Specifically, the developments of PHASE IV AI project will be validated in 3 real life use cases in relevant high impact diseases comprising (i) Lung Cancer, (ii) Prostate Cancer, and (iii) Ischemic Stroke. All the three diseases are key topics of the European Health ecosystem. Lung Cancer as well as Prostate Cancer are among the top 3 priorities in tackling cancer, neurodegenerative diseases are one of the most relevant issues with the EU’s ageing population.
• A strong progress was achieved in defining user, data, legal, ethical, technical, and architectural requirements to support the PHASE IV AI project.
• The project developed and validated AI pipelines for generating synthetic health data. These tools are tailored to three use cases - lung cancer, prostate cancer, and ischemic stroke, incorporating privacy-preserving techniques such as differential privacy and diffusion models, to meet General Data Protection Regulation (GDPR) compliance.
• A structured data collection process was set up and key datasets requiring harmonization were identified early in the process. The project harmonized real-world datasets using the OMOP (Observational Medical Outcomes Partnership) Common Data Model, facilitating interoperability across countries and institutions. Legal and ethical frameworks were established to ensure compliance with GDPR and the EU AI Act.
• The development of synthetic data services under PHASE IV AI has focused on several complementary objectives: generating new data to augment cohort sizes, creating de-identified datasets for privacy-preserving analytics, imputing missing data from observed values, and ultimately simulating disease progression through synthetic data modeling.
• Foundation for federated model training and validation in real-world healthcare scenarios was created. Key achievements include the deployment and validation of a distributed secure multi-party computation (SMPC) network across eight partner organizations, the development of preliminary federated machine learning workflows, and the initial preparation of hardware acceleration strategies.

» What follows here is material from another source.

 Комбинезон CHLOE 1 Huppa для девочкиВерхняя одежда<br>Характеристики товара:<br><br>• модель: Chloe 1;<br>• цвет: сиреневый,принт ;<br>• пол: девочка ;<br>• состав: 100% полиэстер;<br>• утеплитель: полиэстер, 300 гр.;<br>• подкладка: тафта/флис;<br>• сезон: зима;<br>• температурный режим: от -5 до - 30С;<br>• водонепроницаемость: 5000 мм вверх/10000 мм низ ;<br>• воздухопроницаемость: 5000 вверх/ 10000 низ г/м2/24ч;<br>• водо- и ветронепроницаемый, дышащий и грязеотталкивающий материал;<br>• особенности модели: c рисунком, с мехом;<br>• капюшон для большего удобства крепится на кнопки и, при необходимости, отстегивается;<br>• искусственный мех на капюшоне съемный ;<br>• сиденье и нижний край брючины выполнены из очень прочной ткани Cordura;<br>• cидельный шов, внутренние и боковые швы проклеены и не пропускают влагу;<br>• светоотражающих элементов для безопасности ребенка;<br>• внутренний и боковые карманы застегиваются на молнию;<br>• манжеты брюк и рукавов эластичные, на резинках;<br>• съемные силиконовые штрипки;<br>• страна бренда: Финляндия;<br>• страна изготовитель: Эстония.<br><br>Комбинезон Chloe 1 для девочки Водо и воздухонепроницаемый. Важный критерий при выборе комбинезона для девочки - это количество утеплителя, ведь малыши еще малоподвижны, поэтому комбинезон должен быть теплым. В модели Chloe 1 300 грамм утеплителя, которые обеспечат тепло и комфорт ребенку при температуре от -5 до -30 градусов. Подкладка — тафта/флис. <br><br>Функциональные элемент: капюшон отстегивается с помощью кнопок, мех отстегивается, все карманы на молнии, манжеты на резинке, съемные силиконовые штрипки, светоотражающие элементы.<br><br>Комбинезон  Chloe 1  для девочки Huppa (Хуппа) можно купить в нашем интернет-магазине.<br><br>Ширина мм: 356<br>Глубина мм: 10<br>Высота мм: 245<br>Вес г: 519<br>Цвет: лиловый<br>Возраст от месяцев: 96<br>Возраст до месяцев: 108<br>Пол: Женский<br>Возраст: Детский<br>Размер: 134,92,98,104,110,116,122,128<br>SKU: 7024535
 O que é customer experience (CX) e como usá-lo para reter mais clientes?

• A prototype of the Health Data Hub was designed, integrating services for anonymization, harmonization, and synthetic data generation. The project also explored decentralized infrastructure (DePIN) and blockchain-based certification to ensure trust and traceability.
• Two rounds of use case workshops for stakeholder were held across four countries, to engage and gather input from clinicians, researchers, industry, and regulators. These insights were translated into user stories and usage scenarios that guide system development.
• Pilot Plan includes the study protocols covering the three study use cases: lung cancer, prostate cancer, and ischemic stroke. These pilots will validate the utility of synthetic data and AI models in real clinical environments.
These include:
• Differential Privacy (DP)-compliant methods for tabular data (e.g. SDV-GaussianCopula, AIM, MWEM for EHR data).
• Latent diffusion models for CT-imaging showcase how realistic synthetic datasets can maintain utility while ensuring privacy.
To advance the conditions for the effective, cross-border utilization of real-world evidence through multi-party computation, the project has deployed a secure SMPC network across eight partner organisations, including both technical and clinical partners. A solution for a data market solution has been designed, allowing the creation of a marketplace for both data sets and data services as well as providing the infrastructure that allows a seamless and secure integration of data providers’ assets, respecting the very stringent constraints around data privacy by design. The integration of DePIN and blockchain technologies into the Health Data Hub introduces a novel approach to secure, auditable, and value-based data exchange. The project’s alignment with the EHDS and participation in the EU Blockchain Sandbox positions it as a reference model for future European health data initiatives.